**EXERCISE REQUIREMENTS:** Beginning with the line containing "VR espace shooting simulator - ShallxR" and ending with the line containing "Jernhandel i Sct.", write out each line of the records below exactly; pictures and lines outside that range are left out.

**AVAILABLE DATA:**

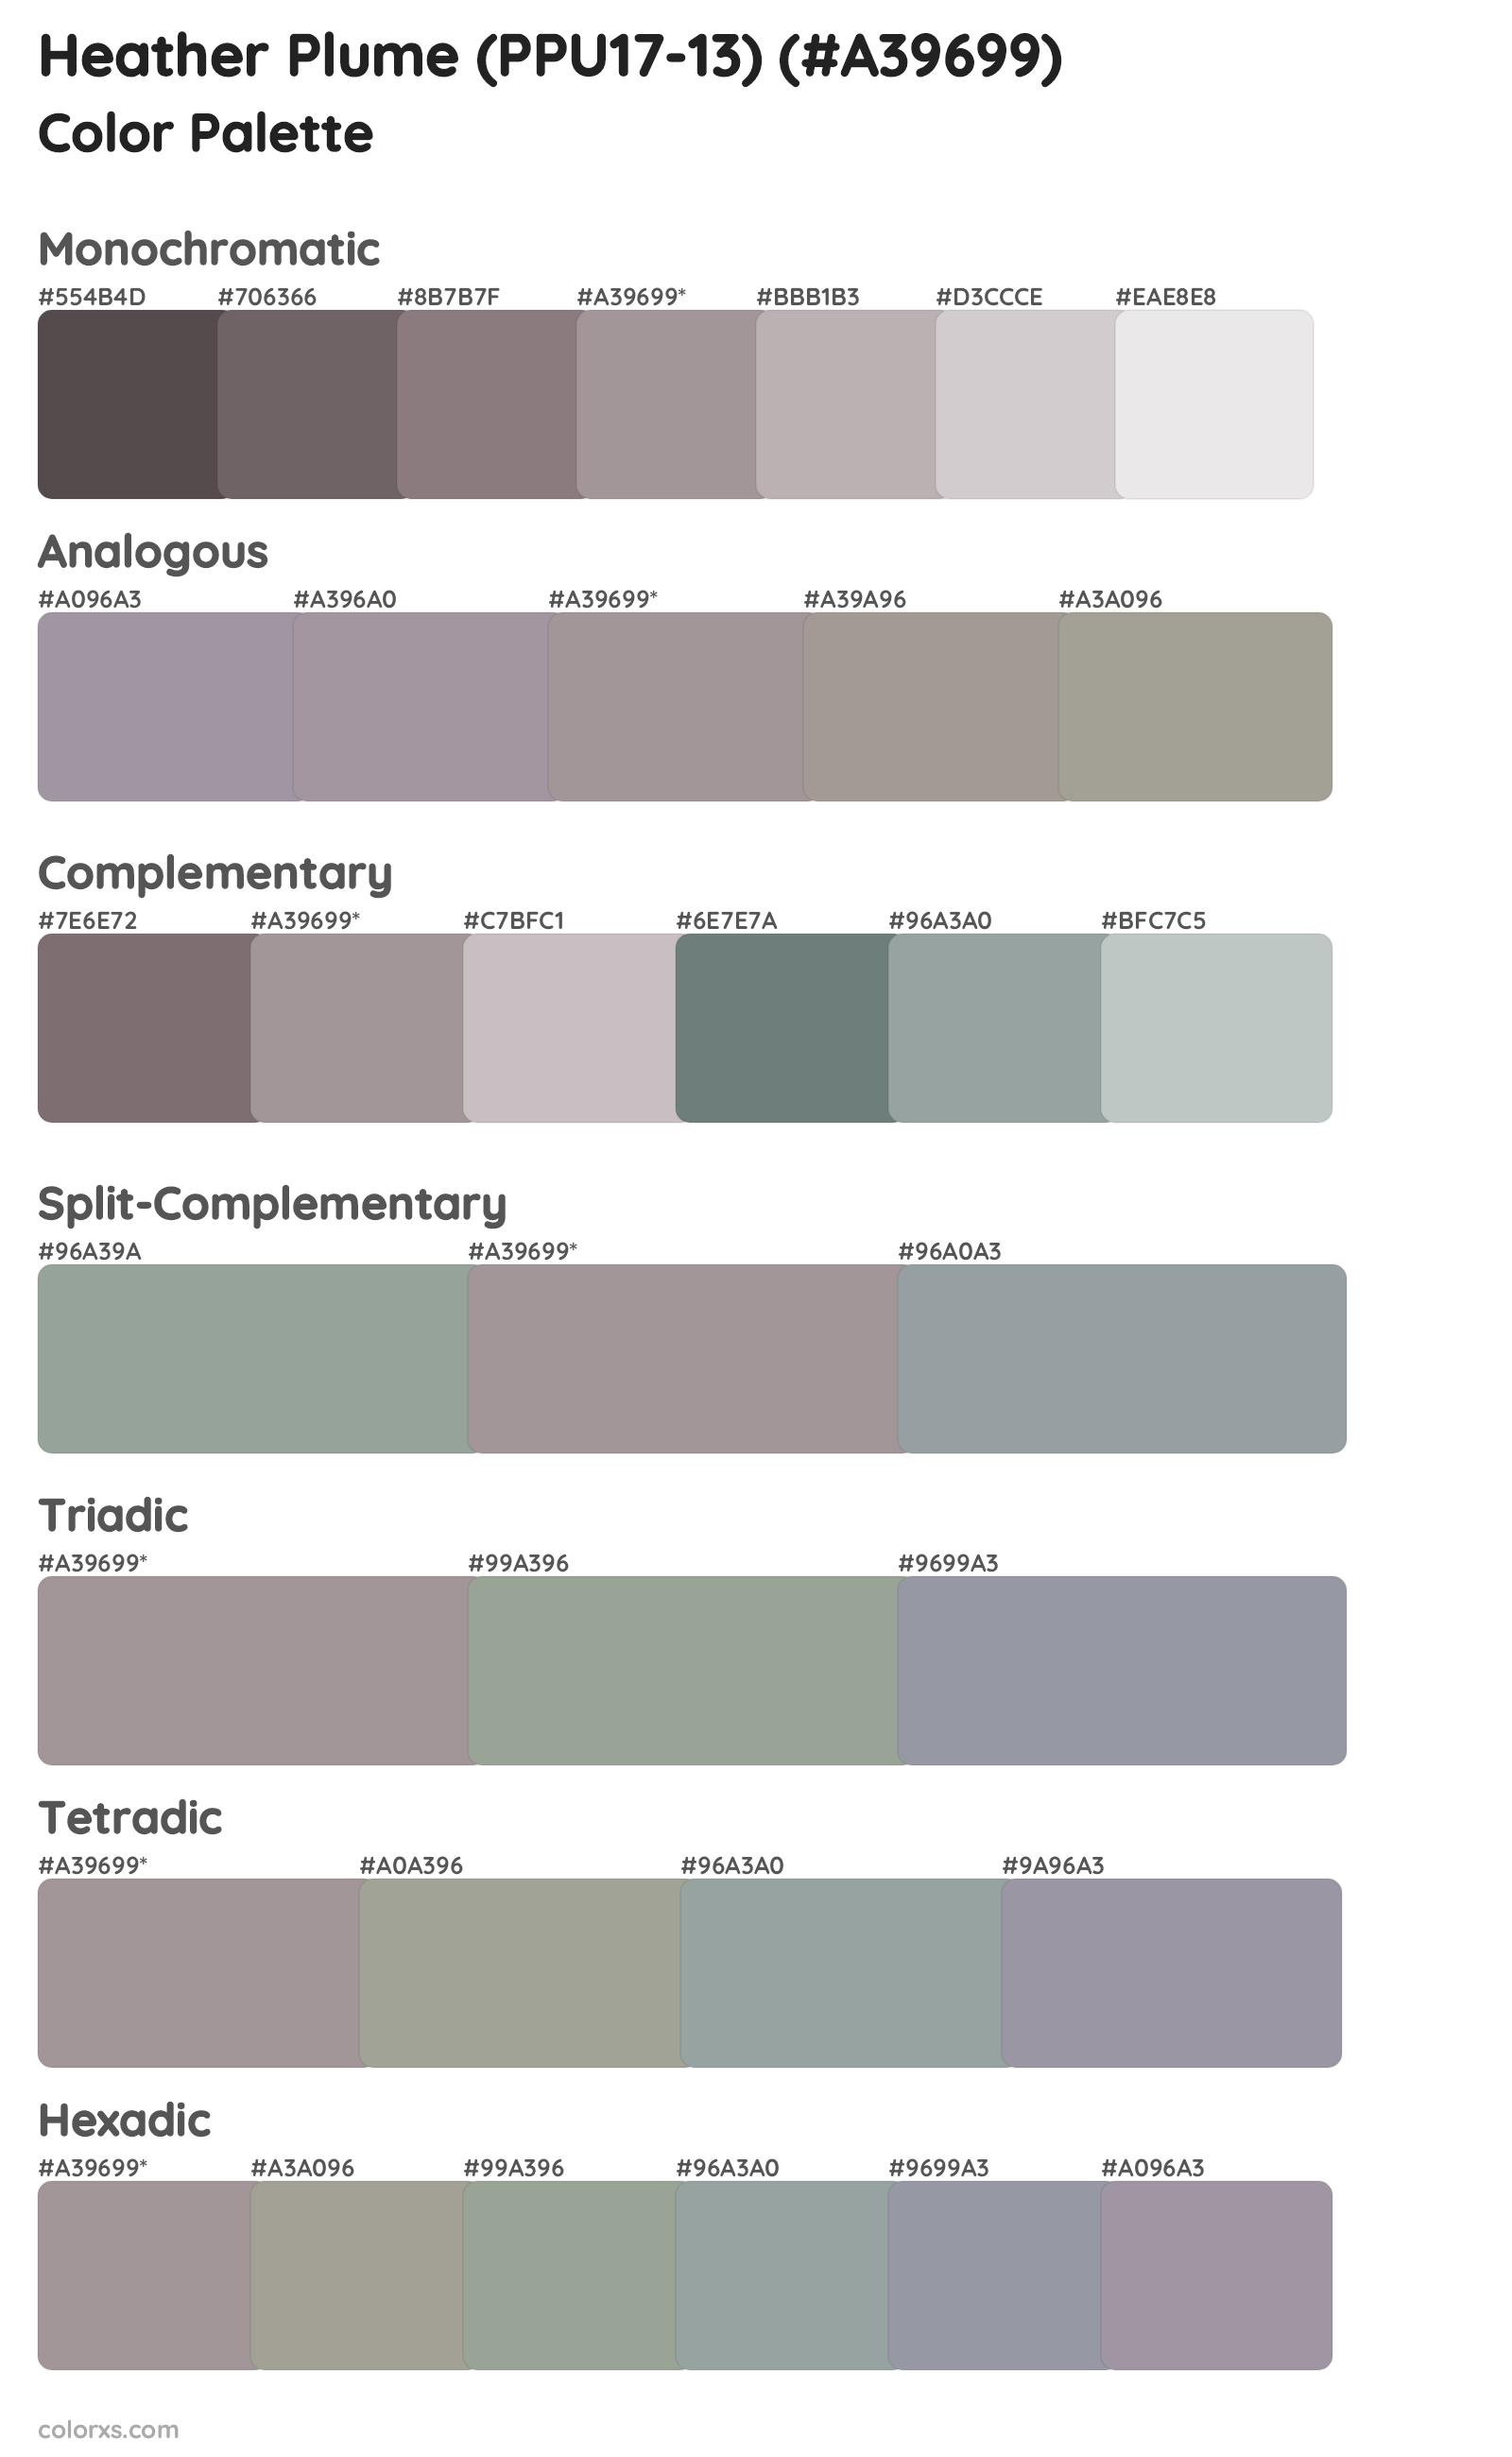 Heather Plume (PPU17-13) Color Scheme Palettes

==

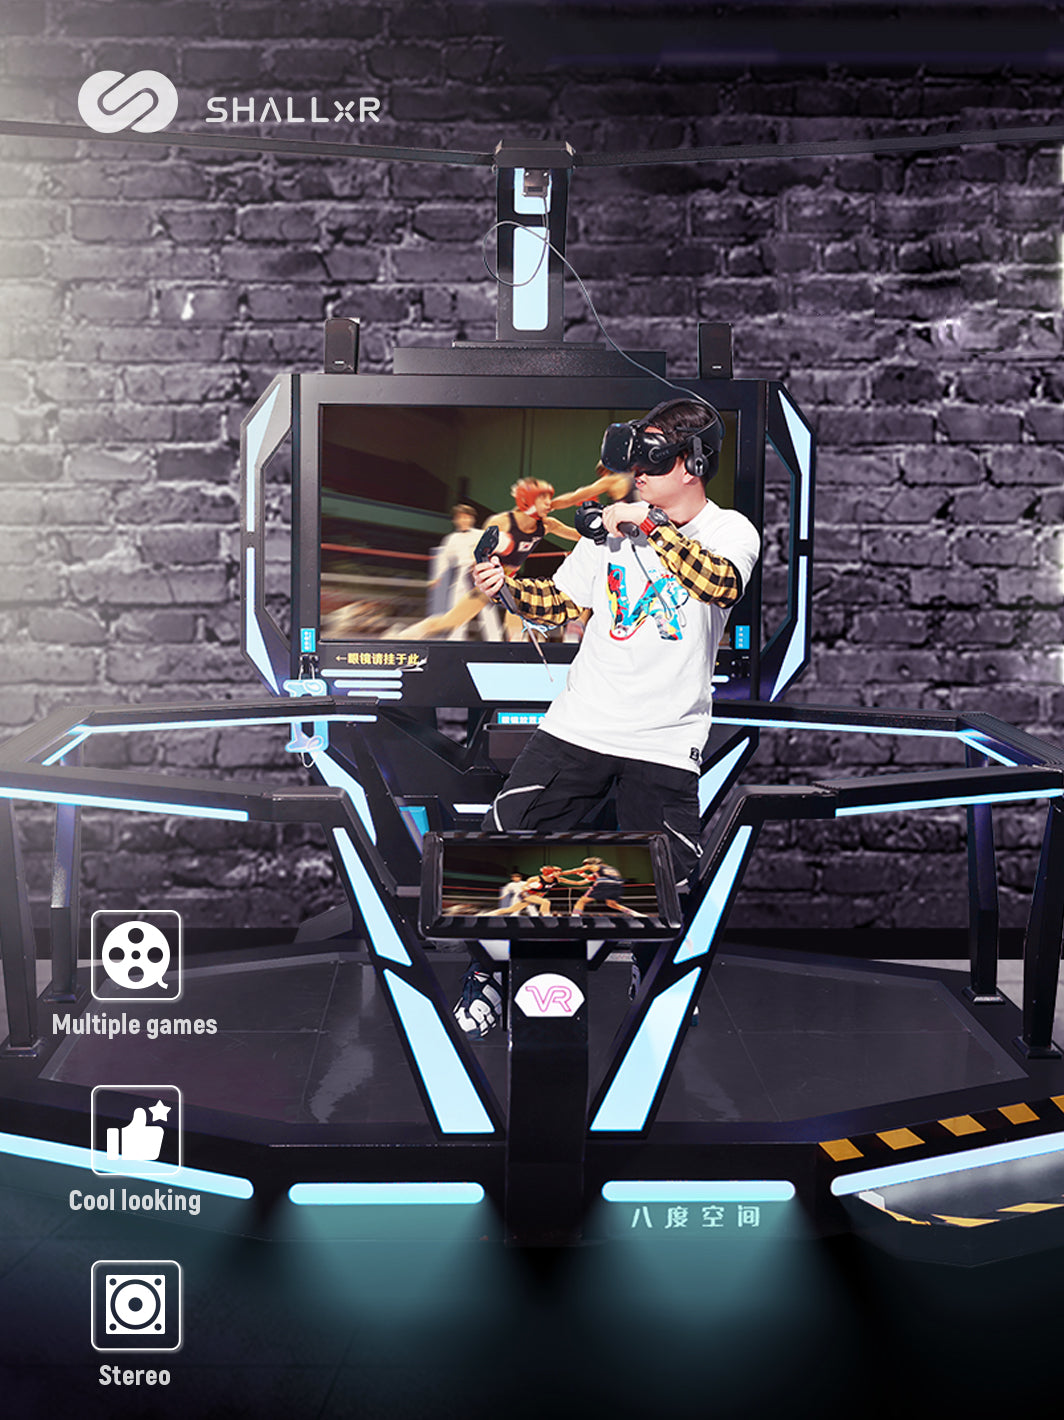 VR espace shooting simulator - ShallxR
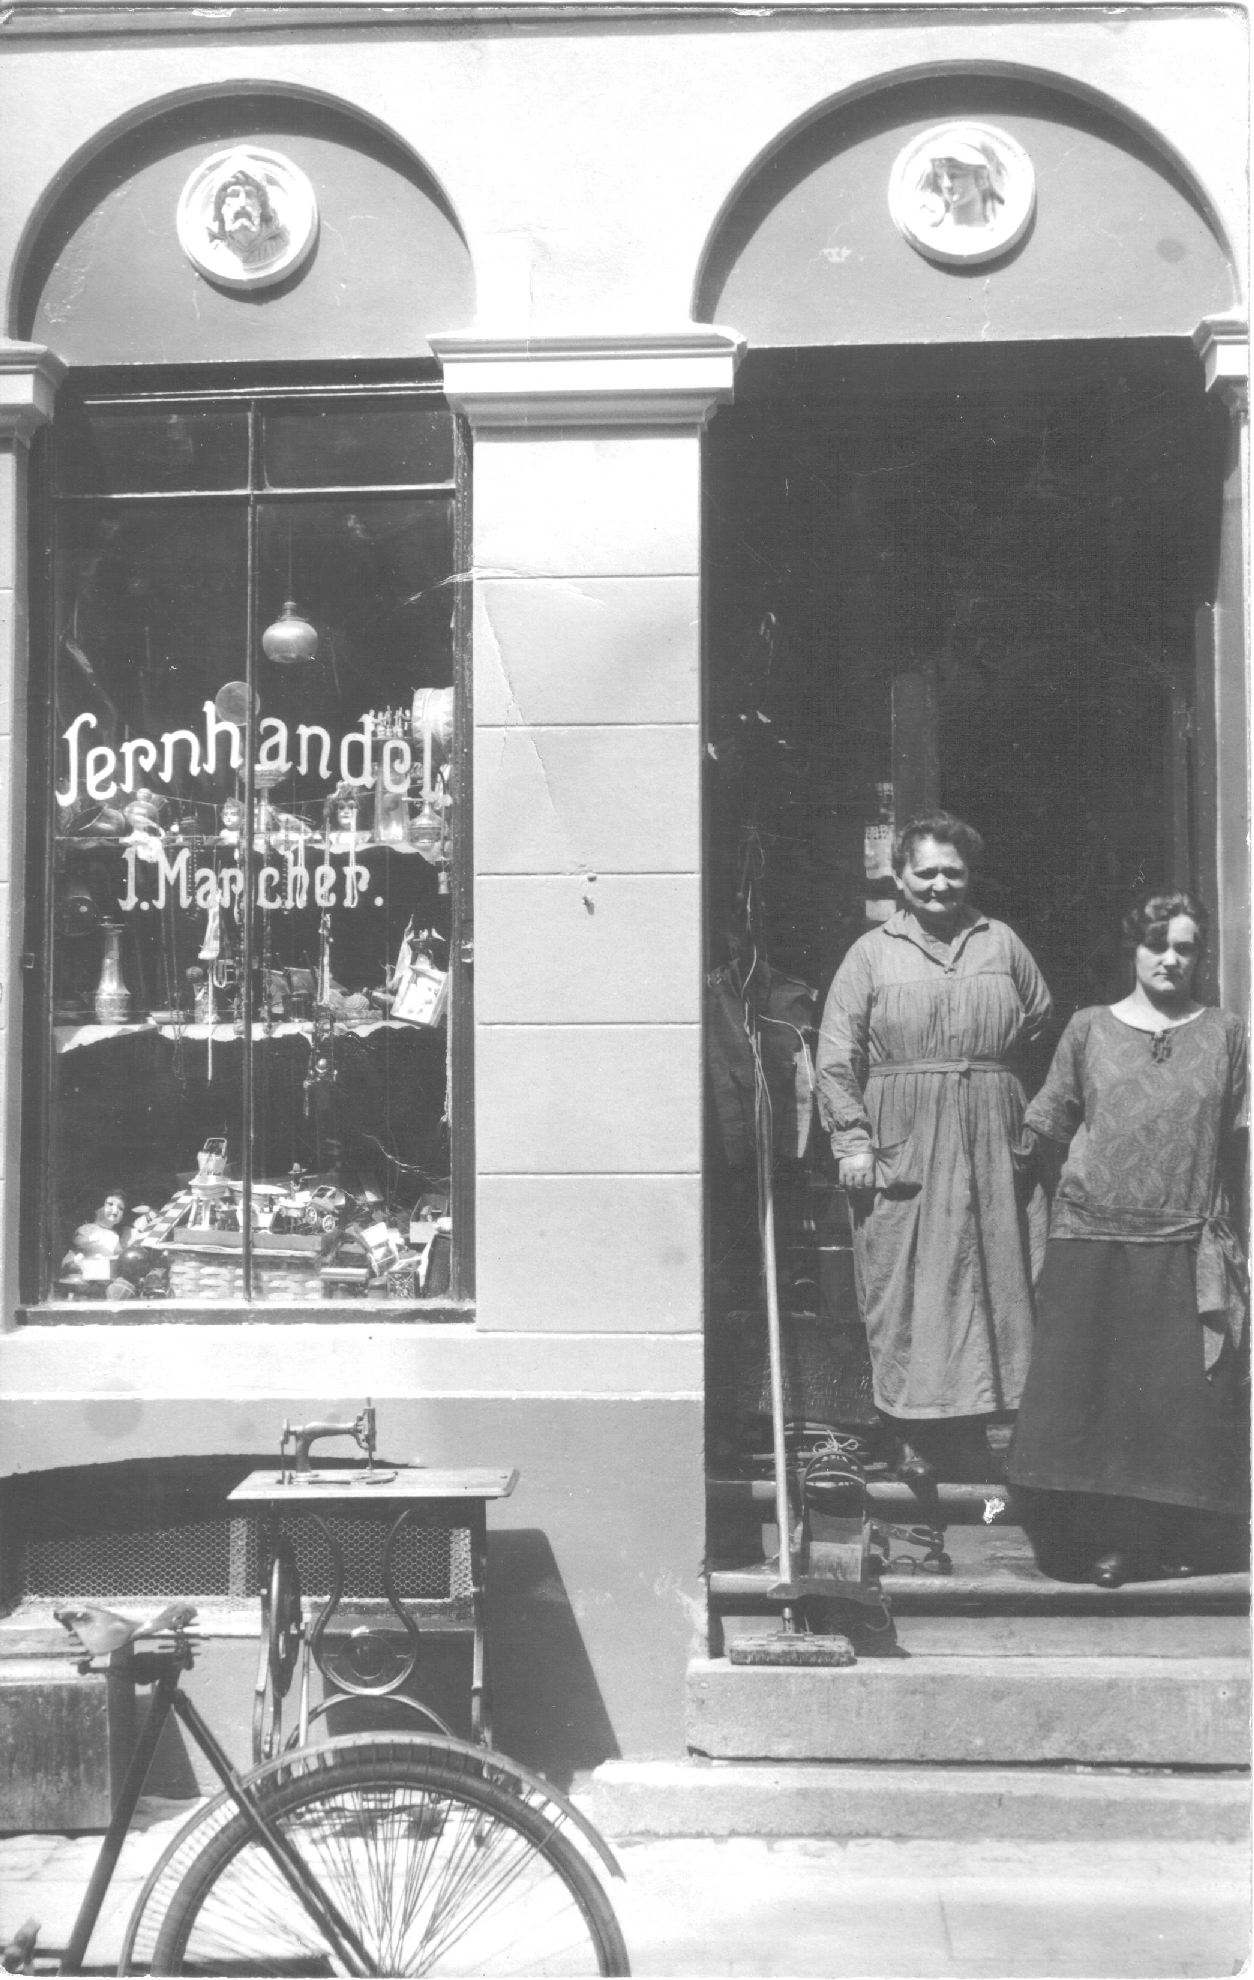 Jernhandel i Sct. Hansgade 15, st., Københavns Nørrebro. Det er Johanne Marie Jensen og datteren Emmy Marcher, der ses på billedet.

**YOUR SOLUTION:**
 VR espace shooting simulator - ShallxR
 Jernhandel i Sct. Hansgade 15, st., Københavns Nørrebro. Det er Johanne Marie Jensen og datteren Emmy Marcher, der ses på billedet.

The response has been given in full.